どうして、態度が違うのかと疑問があるが、これ以上幸村と一緒にいると目眩だけでは済まない気がした。
甘味買って、風鈴買って、帰ろう・・・
「ありがとうございました。私は、これで・・・」
頭を下げて立ち去る。
「次は気をつけろ」
と、背中に声をかけられた。
嗚呼。
その声にドキドキするって、俺さまやばくないか?
どうしてかこのまま、去るのは惜しい気がして。
このまま別れて、自分だとバレないようにするのが賢明だと理性は告げるのだが・・・
「・・・」
佐助は立ち止まり、くるりと振り返った。
「私としたことが、お礼をするのを忘れておりました」
つかつかと歩み寄り、もう一度頭をさげる。
「何かご馳走致します」
「よい。助けたといってもたいしたことはしていない」
まあ、確かに対したことはしていない。裏道に反れたのを戻しただけだから。
「いいえ。それでは私の気がすみませぬ。何かお返ししなければ・・・」
女の、・・・佐助の諦めない態度に負けたのか、そうか、幸村はとうなづいた。
「では・・・」
幸村は顎に手をあて、考える。
「風鈴を・・・買っては貰えぬか?」
幸村は初めて佐助の知る幸村に戻った。何処か照れたような態度に佐助は安堵を覚えた。
「風鈴・・・ですか?」
佐助は小首を傾げる。
自分もそれを買おうと思っていたのだ。
(以心伝心ってやつかねぇ)
「分かりました。では、一緒に買いに参りましょう」
にこりと佐助が笑うと、幸村が驚いた表情をした。

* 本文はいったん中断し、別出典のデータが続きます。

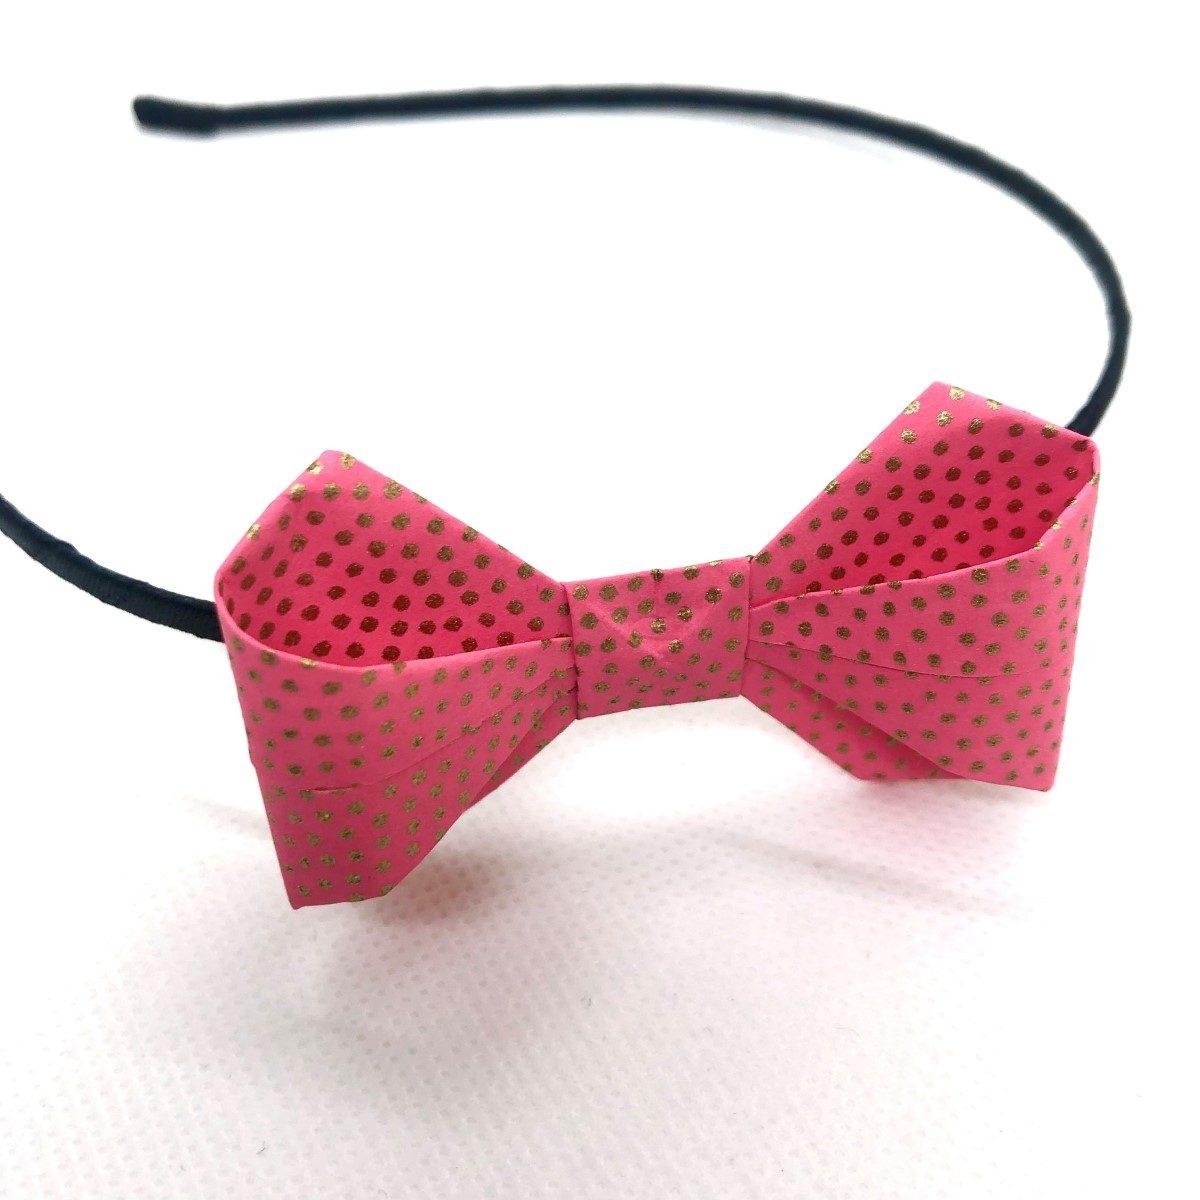 Serre-tête avec nœud en origami rose pois argentés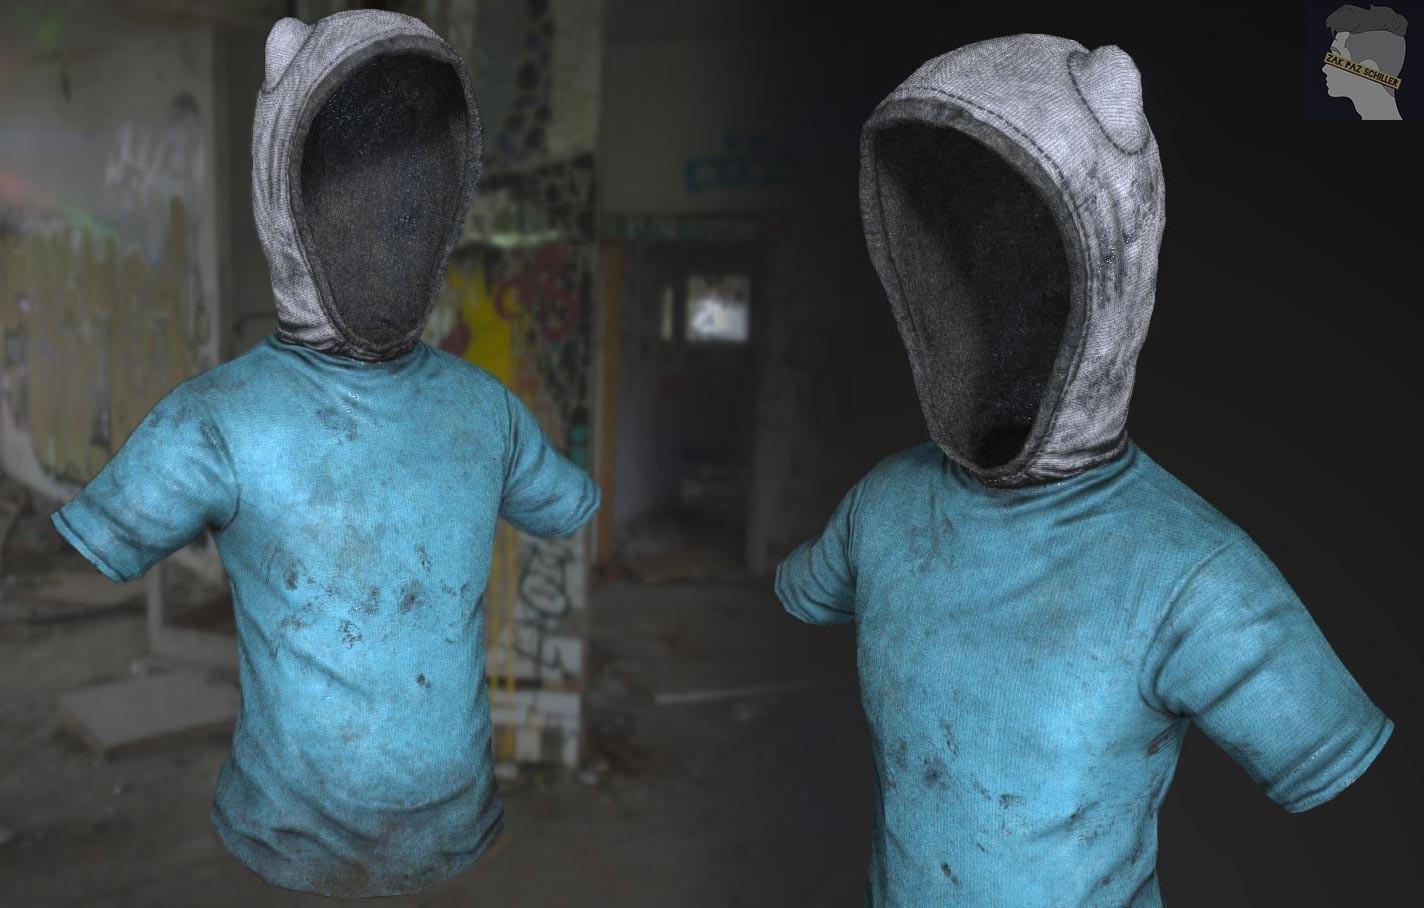 Finn's clothing post-substance work.

どうかしたのかと尋ねると、「なんでもござらぬ」と顔を反らされた。
◇◇◇◇◇◇◇◇
風鈴を売る屋台に辿りつく。
色とりどりの硝子が、チリンチリンと綺麗な音を奏でている。
涼しい音に、自然に顔が綻んだ。
「・・・」
そんな佐助(幸村はまだ女だと思ってるわけだが)をじっと見つめる幸村。
「どうかされましたか。お武家さま?」
視線が気になる佐助は、眉を少しさげて尋ねる。
「なんでもないでござる」
ふい、と顔を反らされて、佐助は困惑するばかりだ。
(もしかして、バレた?)
ああ、でも。わかっているなら、旦那はこういう態度は取らないだろう。
そういう確信はある。
・・・ふ、と佐助はあることに気が付いた。
(あ、そっか。俺もしかして、旦那に警戒されてるんだ)
腐っても戦国武将。
初対面の人間に己の内側を見せるわけもなく。
だからいつもと違う堅苦しい態度を見せていたのか。
うんうん、佐助は頷く。
そして同時に優越感。
このような態度の幸村を見た時がないということは、自分は余程信頼されているのだ。
喜びのあまりに笑い出しそうになるのを堪えて、
「どれがよろしいでしょうか?」
と、幸村に訊く。
幸村は無言。片手で顔を押さえている。
「・・・ああ、橙色の・・・ものを・・・」
やっとの思いで声を絞り出している幸村。
それが心配になって佐助は幸村の顔を覗き込む。
「大丈夫?具合を悪くされましたか?」
・・・の後、やってしまったと思った。
(あ〜旦那。顔が真っ赤になってら)
そうだった。
忘れていた。
佐助は今女の格好をしていて、幸村は女が苦手なのだ。
急接近に耐えられるはずもないか。
何も見なかったことにしよう。
うん。そうしよう。
佐助は
「橙色の風鈴ですね。分かりました」
布製の財布を開き、金を店主に渡した。
風鈴を店の者から受取り、顔を赤くしたままの幸村に手渡す。
「では、私はこれで」
ぺこりと頭を下げると、今度こそ後ろを振り向かずに歩き出した。
制止する声が聞こえたが、聞かぬふりをした。
◇◇◇◇◇◇
(いつもと違う旦那も見れたし、なんか良かったかも)
それに・・・・
どれだけ自分が幸村に信用されているかを、知ることができた。